Histórias tristes, tenebrosas. Histórias de tortura, histórias de morte, de desaparecimentos. E não foi apenas uma vez. Só espero não ter de conhecer pessoalmente e presentemente essas histórias.
Às vezes nos  pedem amor à  pátria. Que pátria?  Pátria sem mãe, pátria sem pai, pátria sem dono.
Sei  que  já  choraste pela  morte  do  soldadinho,  lá naquela guerra distante, que essa nossa tal "Pátria-mãe" aqui apenas assistiu. Mas talvez não choraste pelos "irmãos de pátria" que morreram, que desapareceram, que estão inválidos ou loucos, numa guerra da razão contra o ensandecimento, ocorrida no ventre dessa tal "pátria-mãe".
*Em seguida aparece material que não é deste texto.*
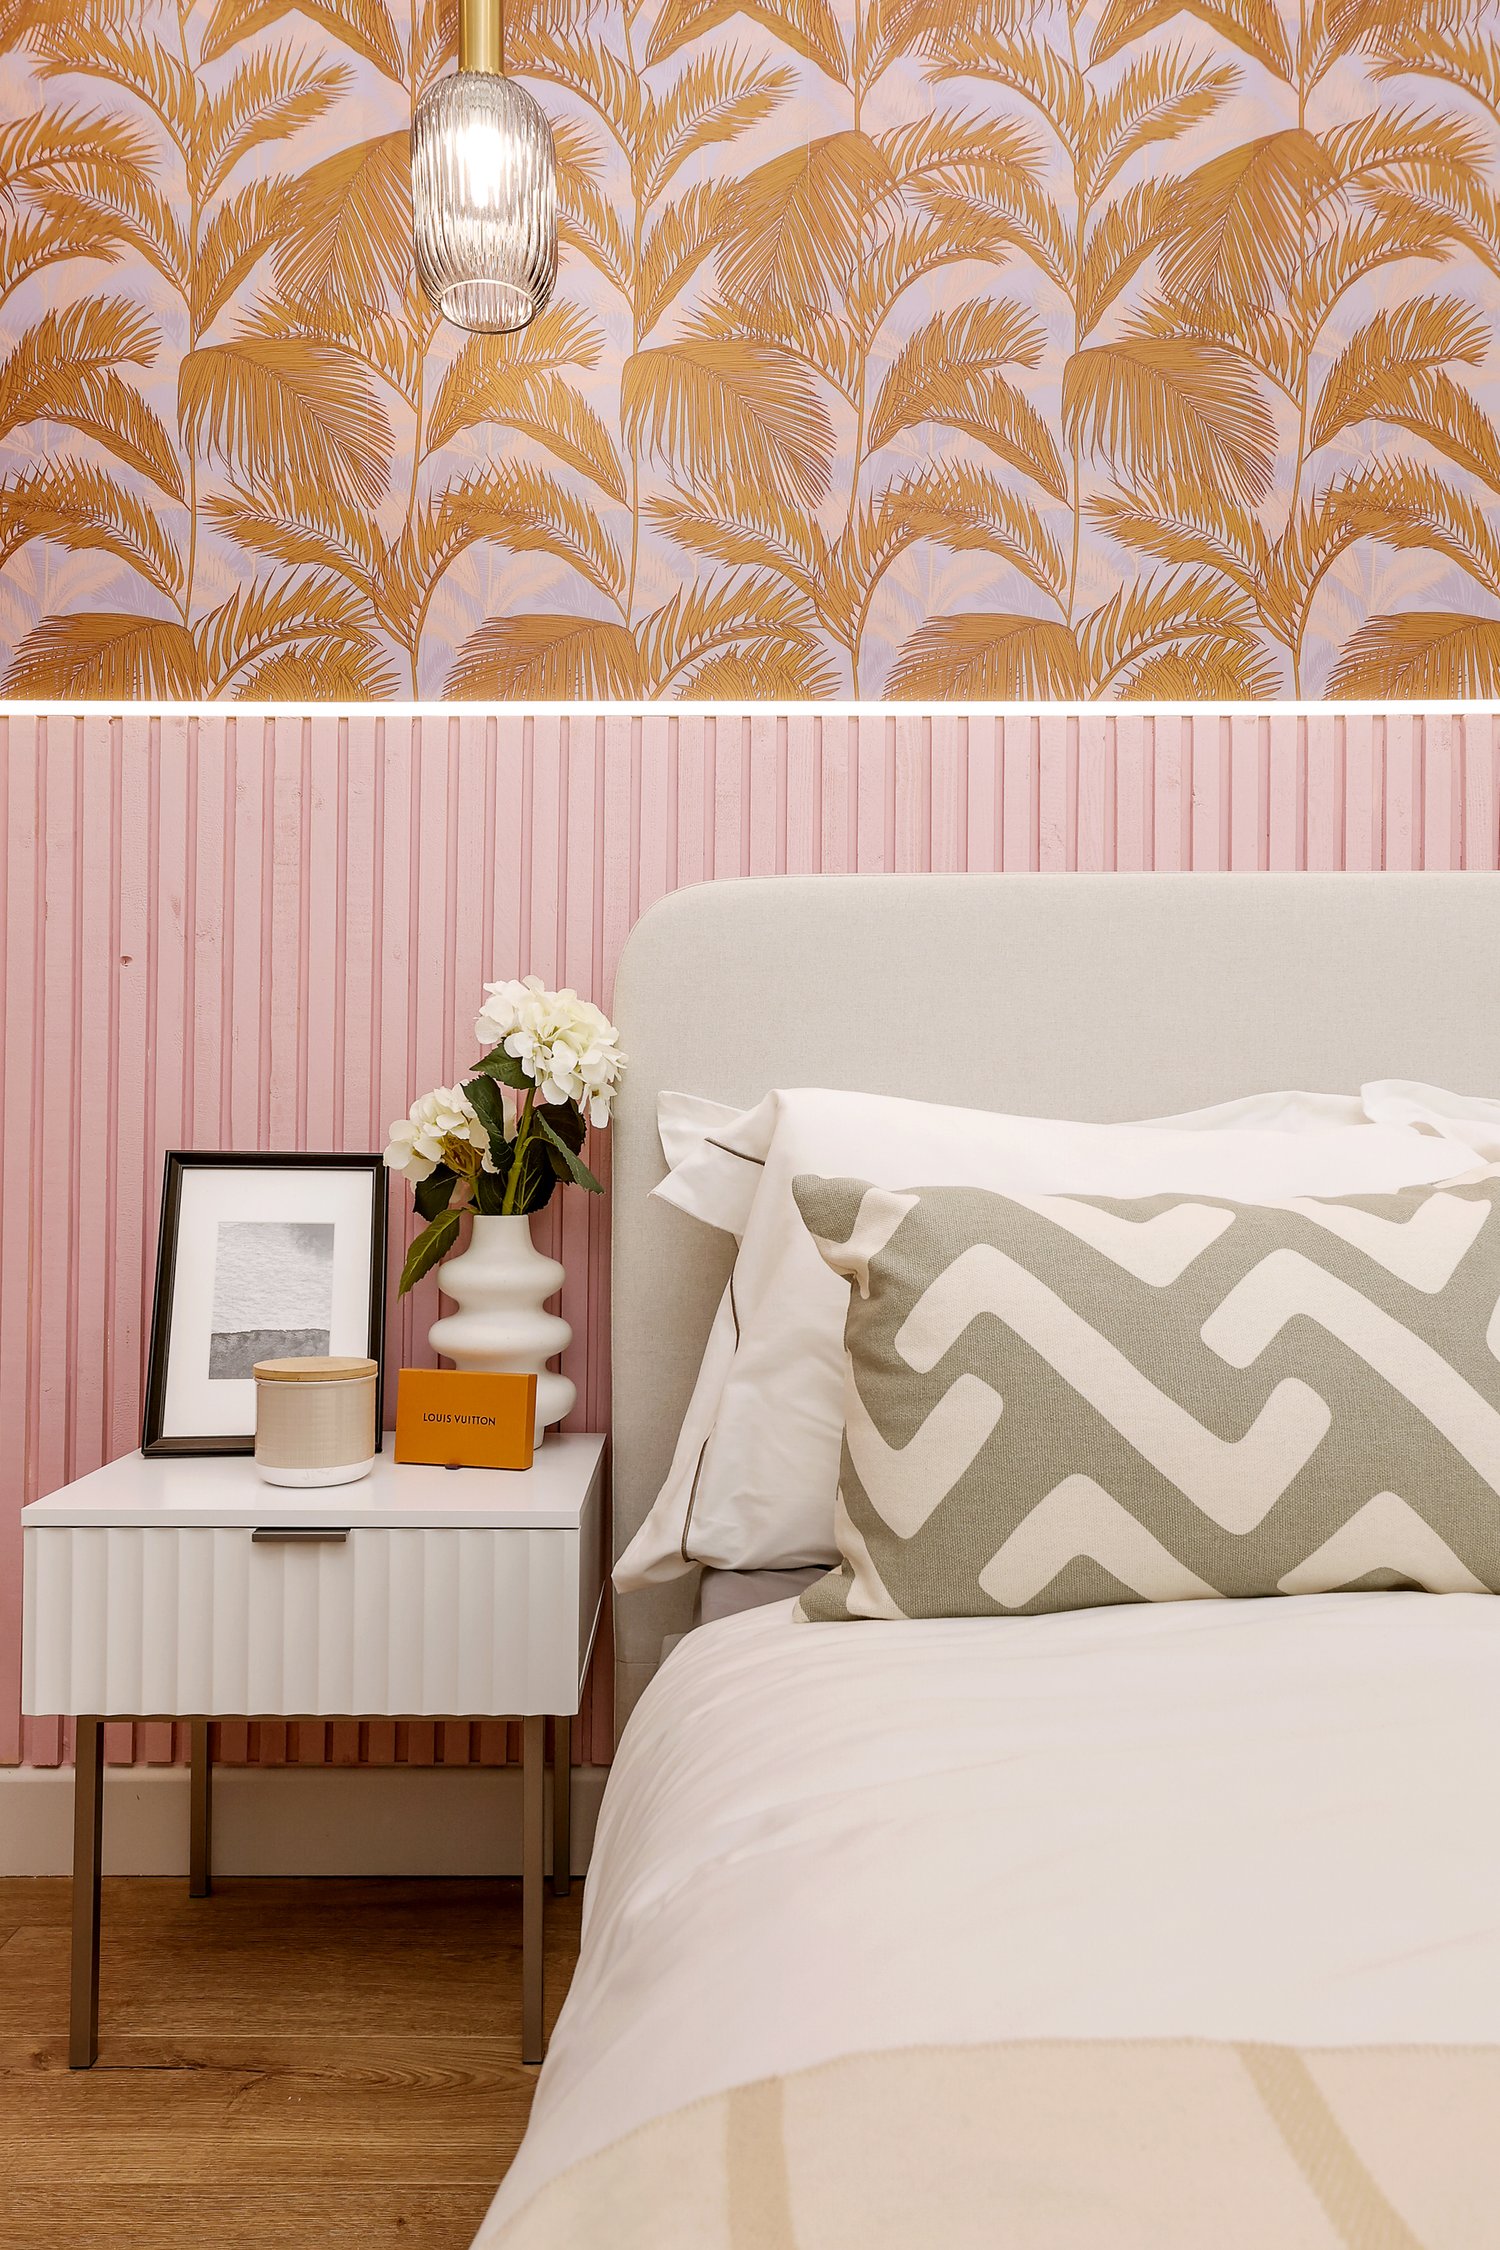 louis vuitton wallpaper for bedroom

Sim, sei que outros (e talvez tu) calaram e não lutaram porque a voz faltara. Outros fugiram, porque a voz não fora suficiente. Outros reconheceram-se impotentes, ao mirar os grilhões nas próprias mãos. E uma mancha obscura em alguns livros de história (que não são de História) contam para todos, enevoando a razão dos sãos.
Por que será que a História cala, se molda, se curva? Por que temos que buscar a verdade como se busca uma agulha num monte de palha?
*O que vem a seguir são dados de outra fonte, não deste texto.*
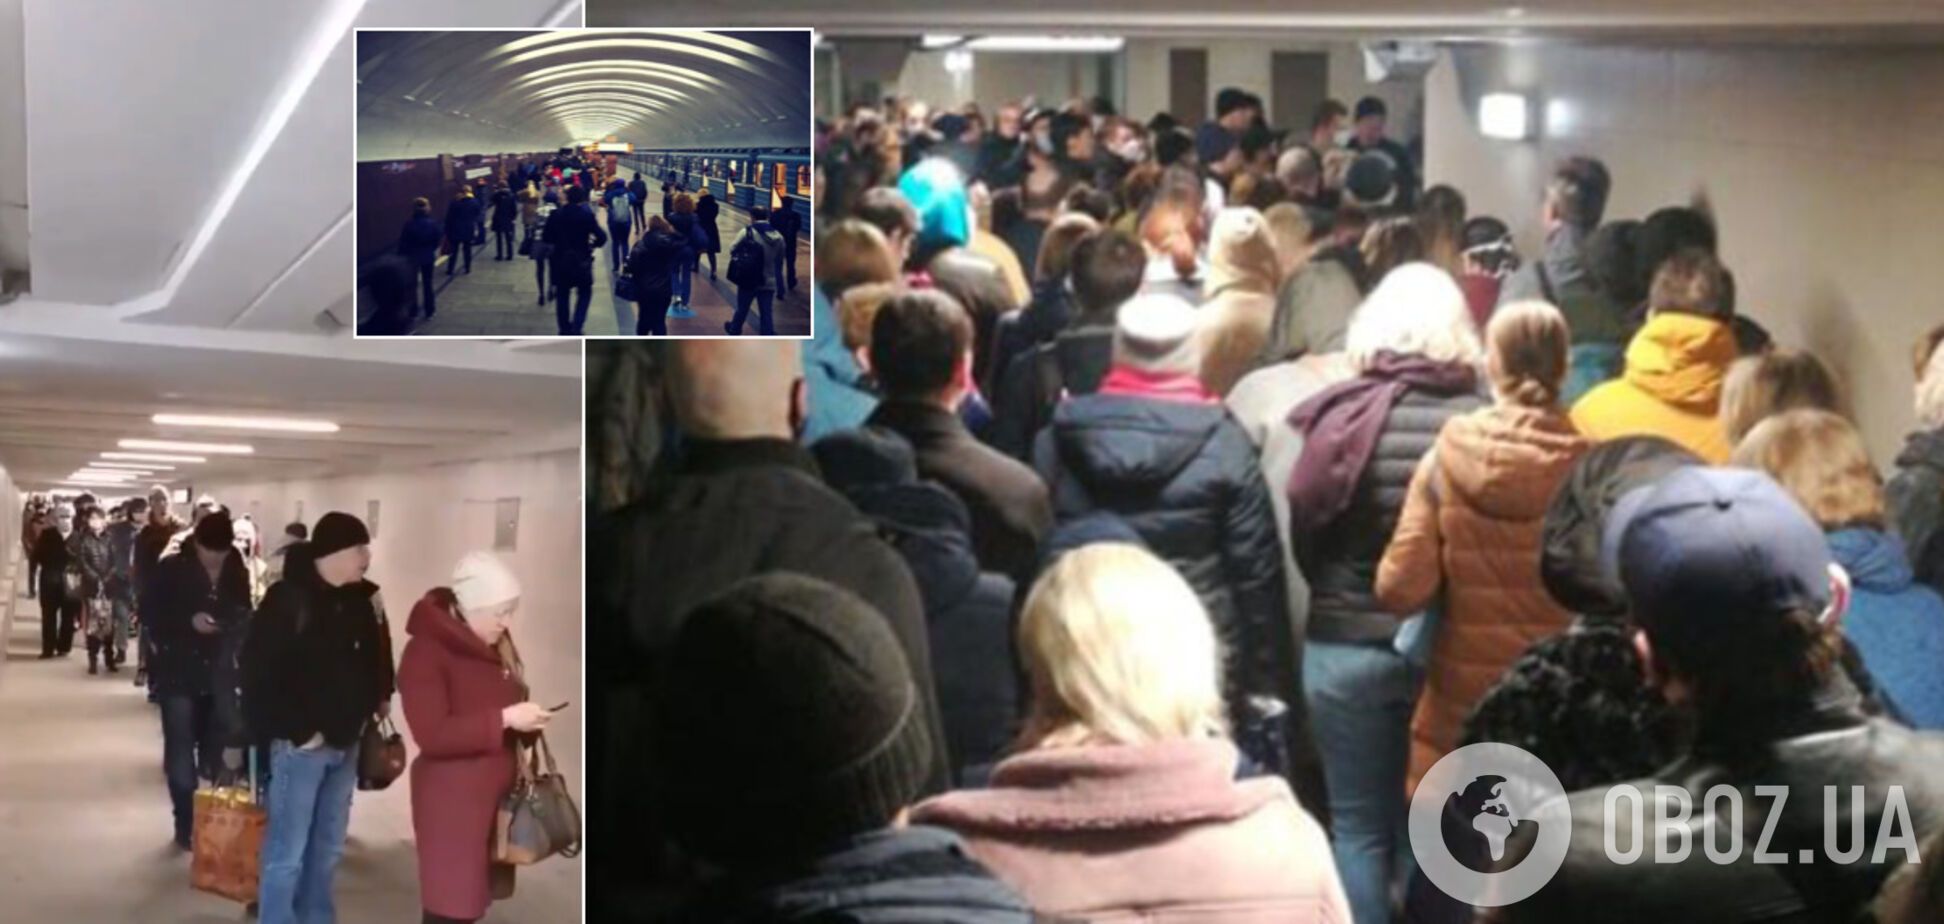 Пекло в метро Москви у пік коронавірусу: кадри масової тисняви розбурхали мережу

Por que tudo isso, irmão? Por que não te levantas, irmão? Lute comigo, lute consigo, lute conosco. Escrever, pichar naquele muro, uma pichação digna, pela verdade. E contra a "verdade" que tu ouves e aceita, por preguiça de lutar pela verdade. E essa luta, talvez, seja apenas um unir de forças, um unir de mãos, um unir de vozes. Lutar pela verdade e pela dignidade de um país sem honra.
E tudo por causa de uma tal passeata...

Um comentário:

Unknown disse...

Triste realidade, é horrível o modo que essa gente manipula o povo, já ouvi muitas vezes pessoas me dizendo que devo ter amor a pátria, mas como ter amor a essa tal "pátria"? Que pátria?